Pictures are to be dropped from the copy. Retype the listing exactly.

- Data section
[Start of section]
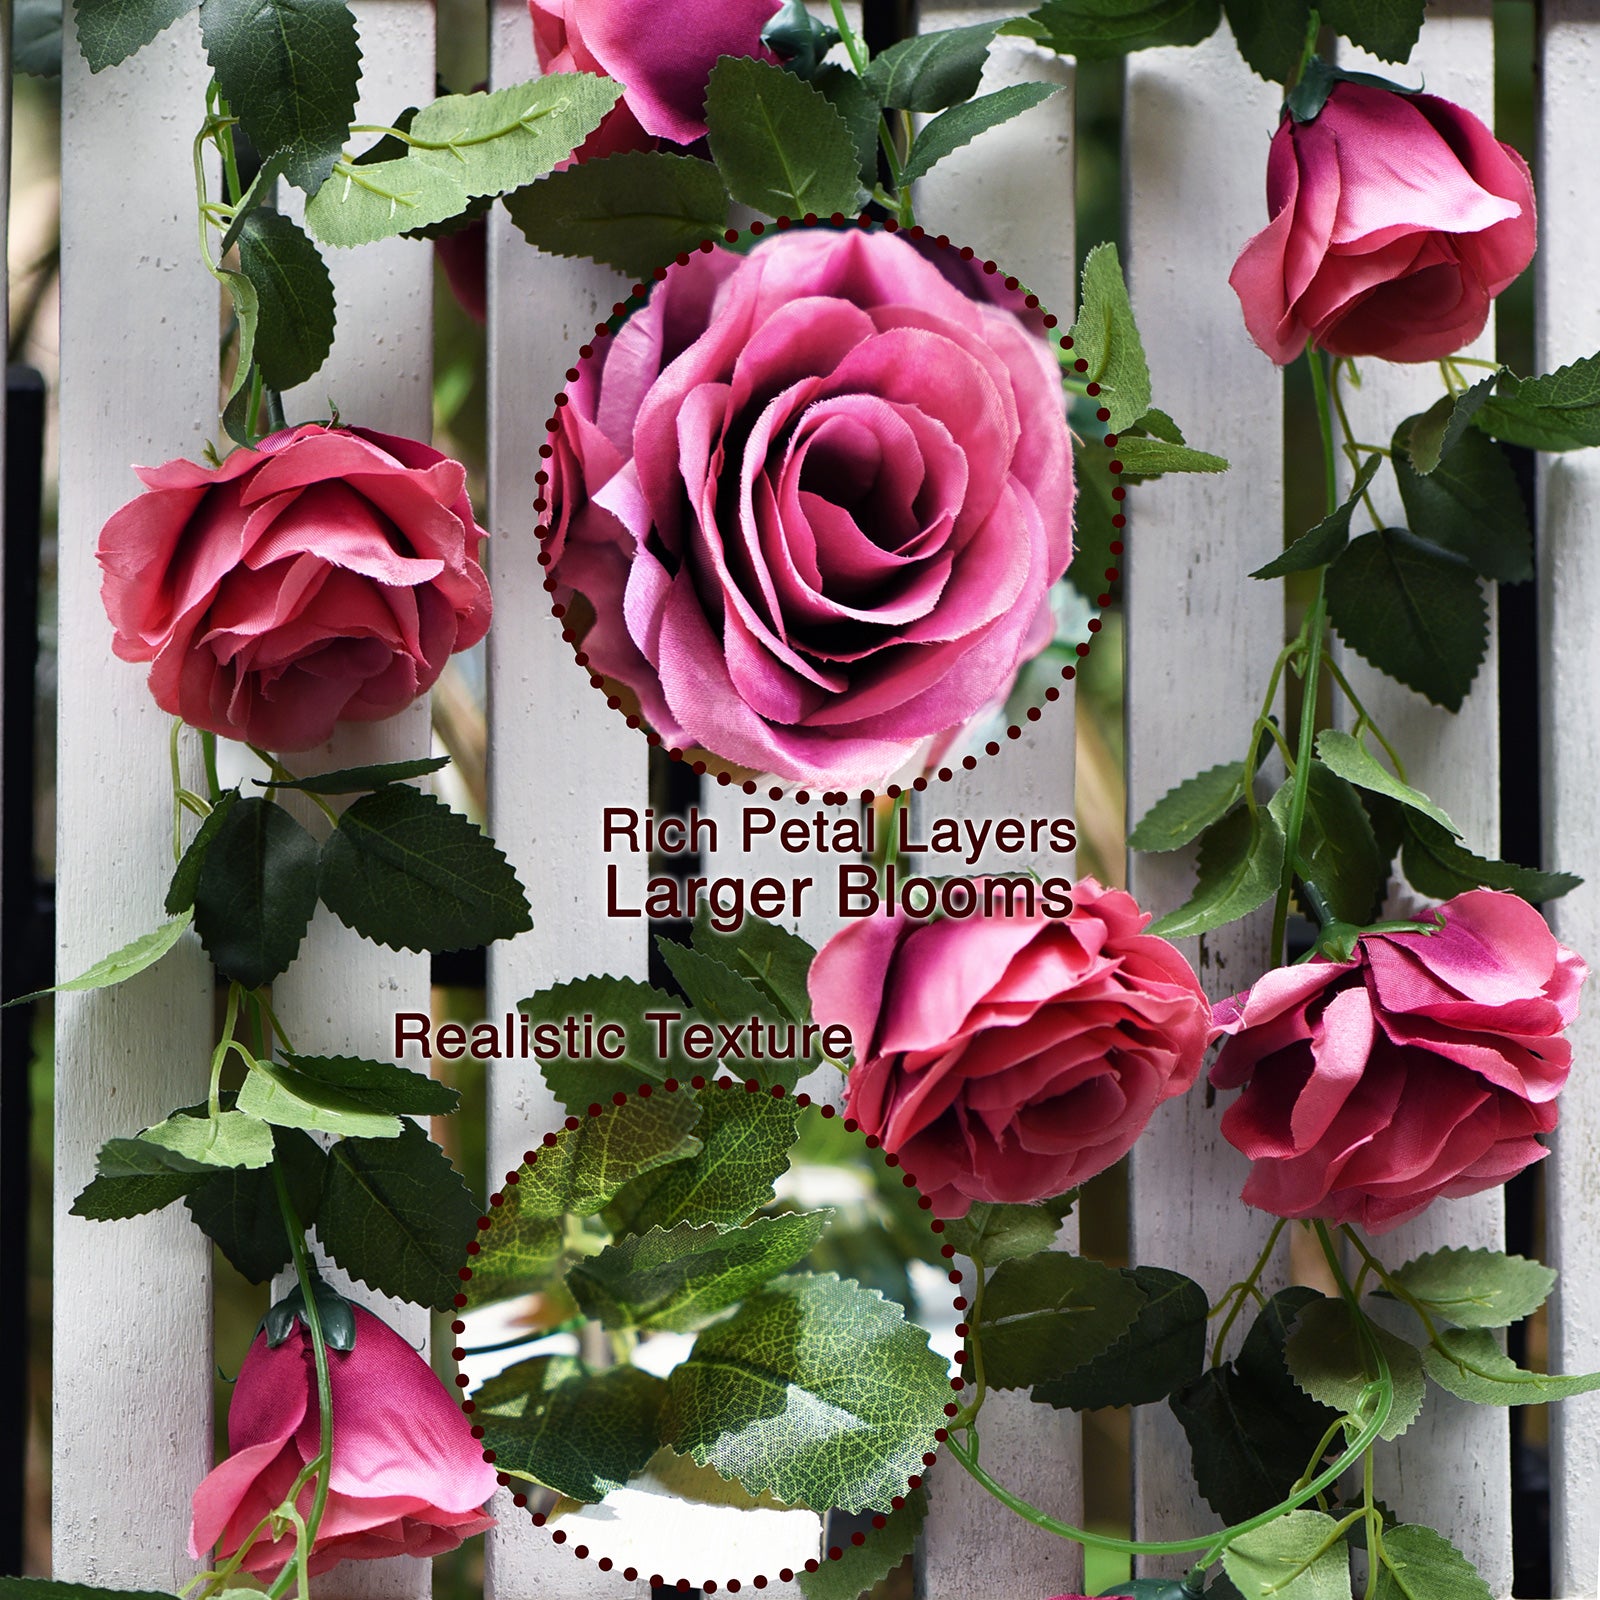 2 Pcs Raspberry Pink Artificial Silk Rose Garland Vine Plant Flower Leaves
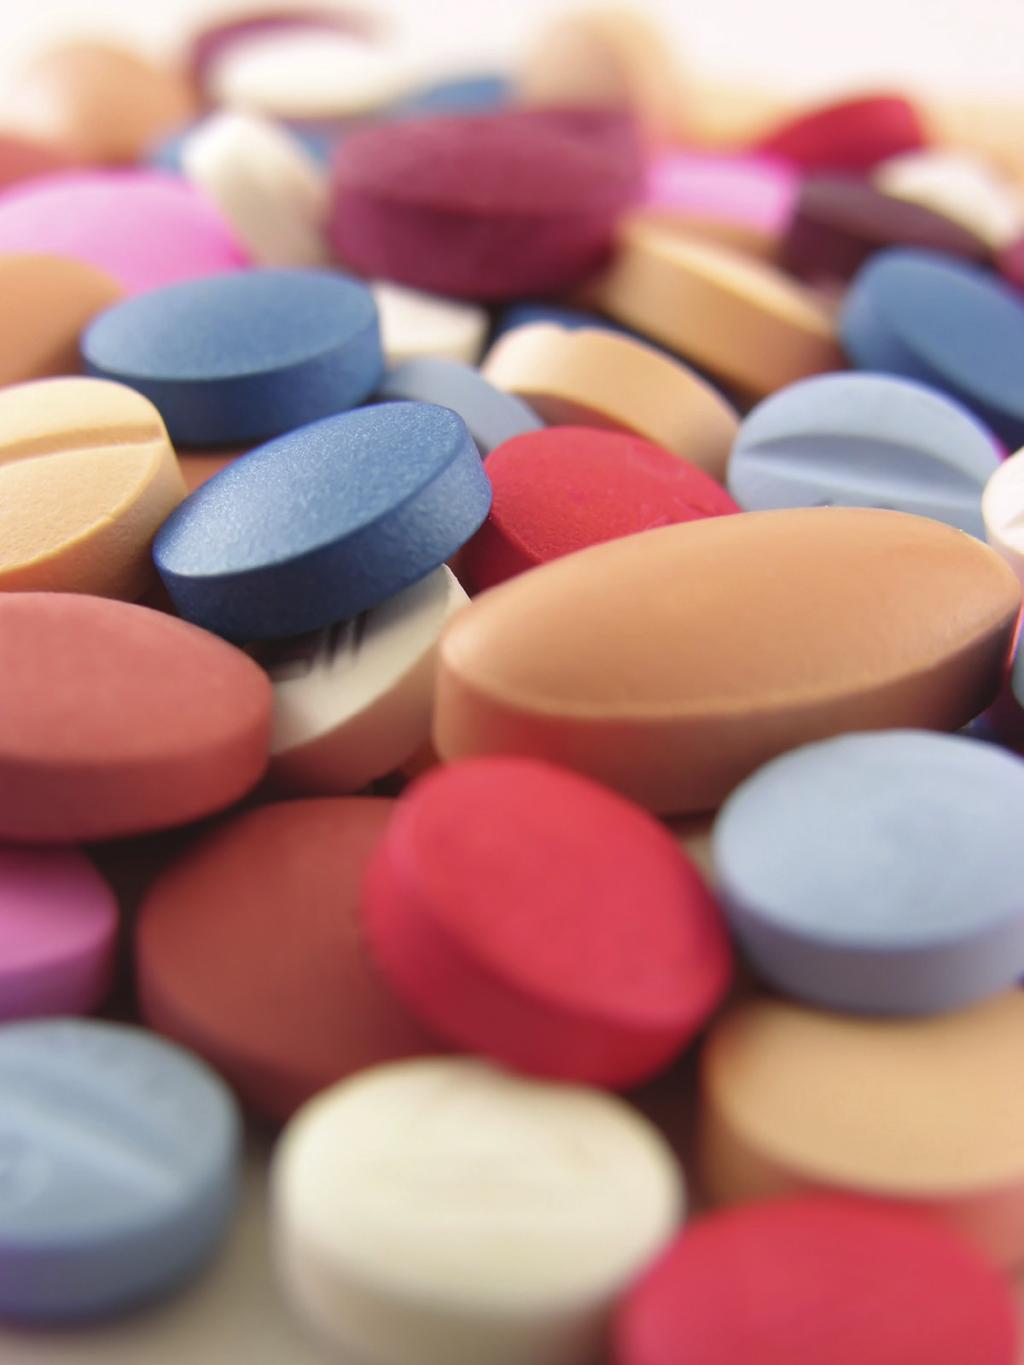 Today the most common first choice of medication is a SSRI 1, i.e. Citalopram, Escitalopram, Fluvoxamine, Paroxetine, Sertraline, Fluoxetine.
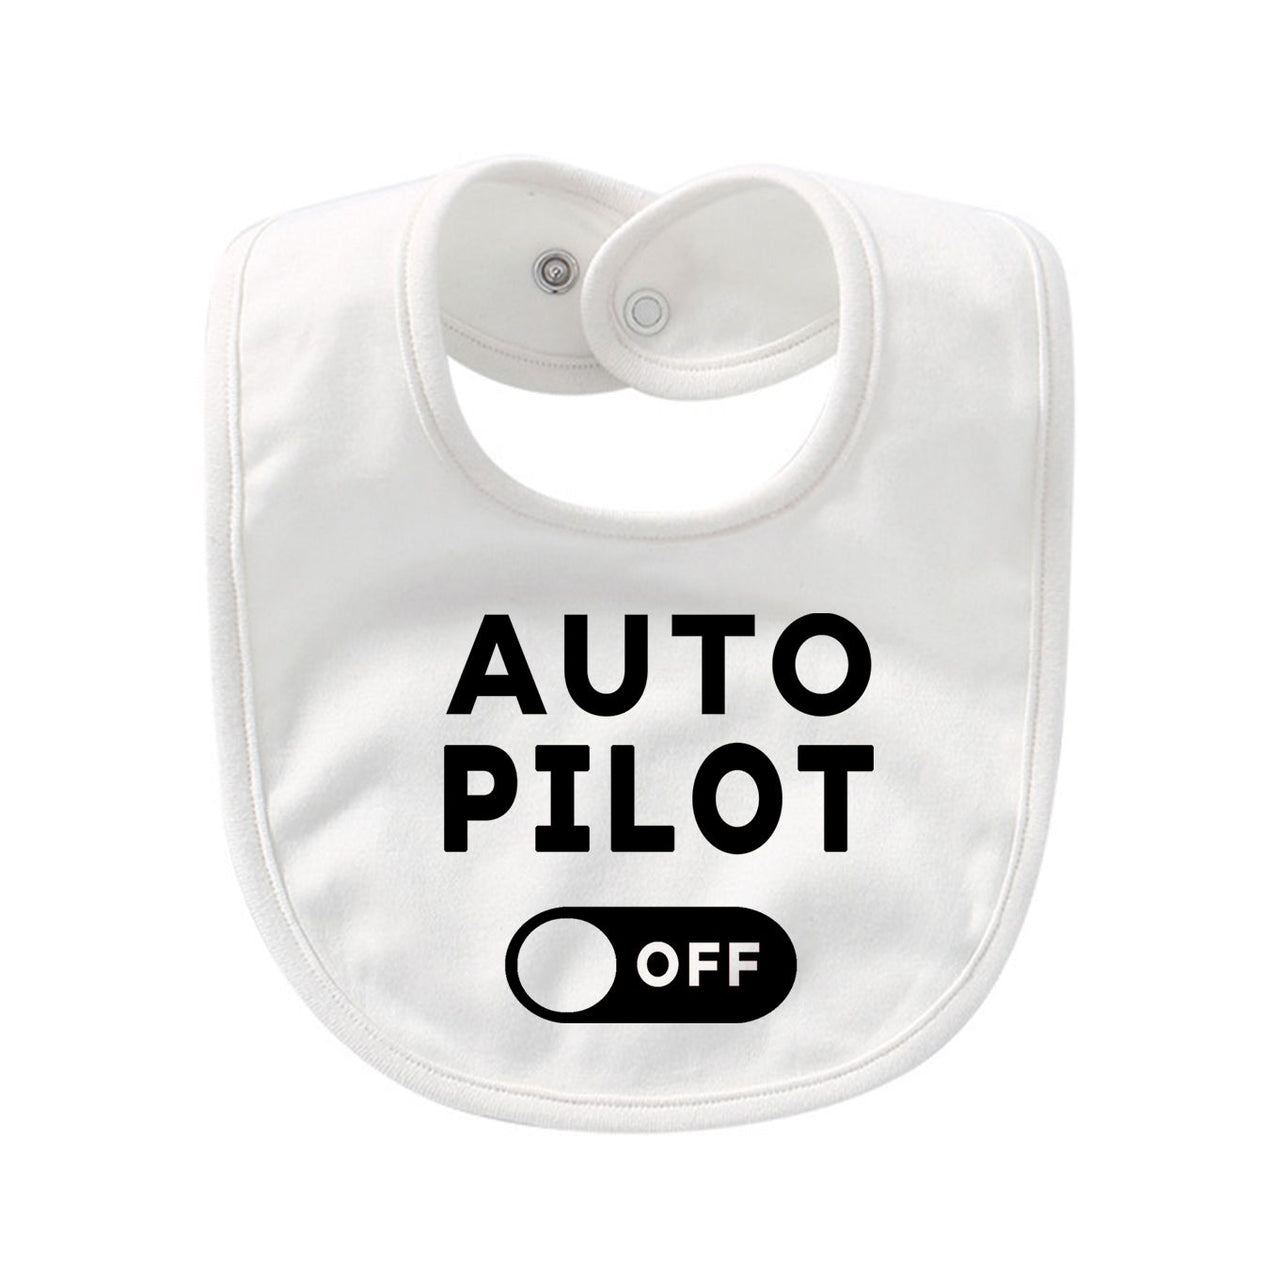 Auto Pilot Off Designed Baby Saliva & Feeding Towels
[End of section]
- Exercise result
 2 Pcs Raspberry Pink Artificial Silk Rose Garland Vine Plant Flower Leaves
 Today the most common first choice of medication is a SSRI 1, i.e. Citalopram, Escitalopram, Fluvoxamine, Paroxetine, Sertraline, Fluoxetine.
 Auto Pilot Off Designed Baby Saliva & Feeding Towels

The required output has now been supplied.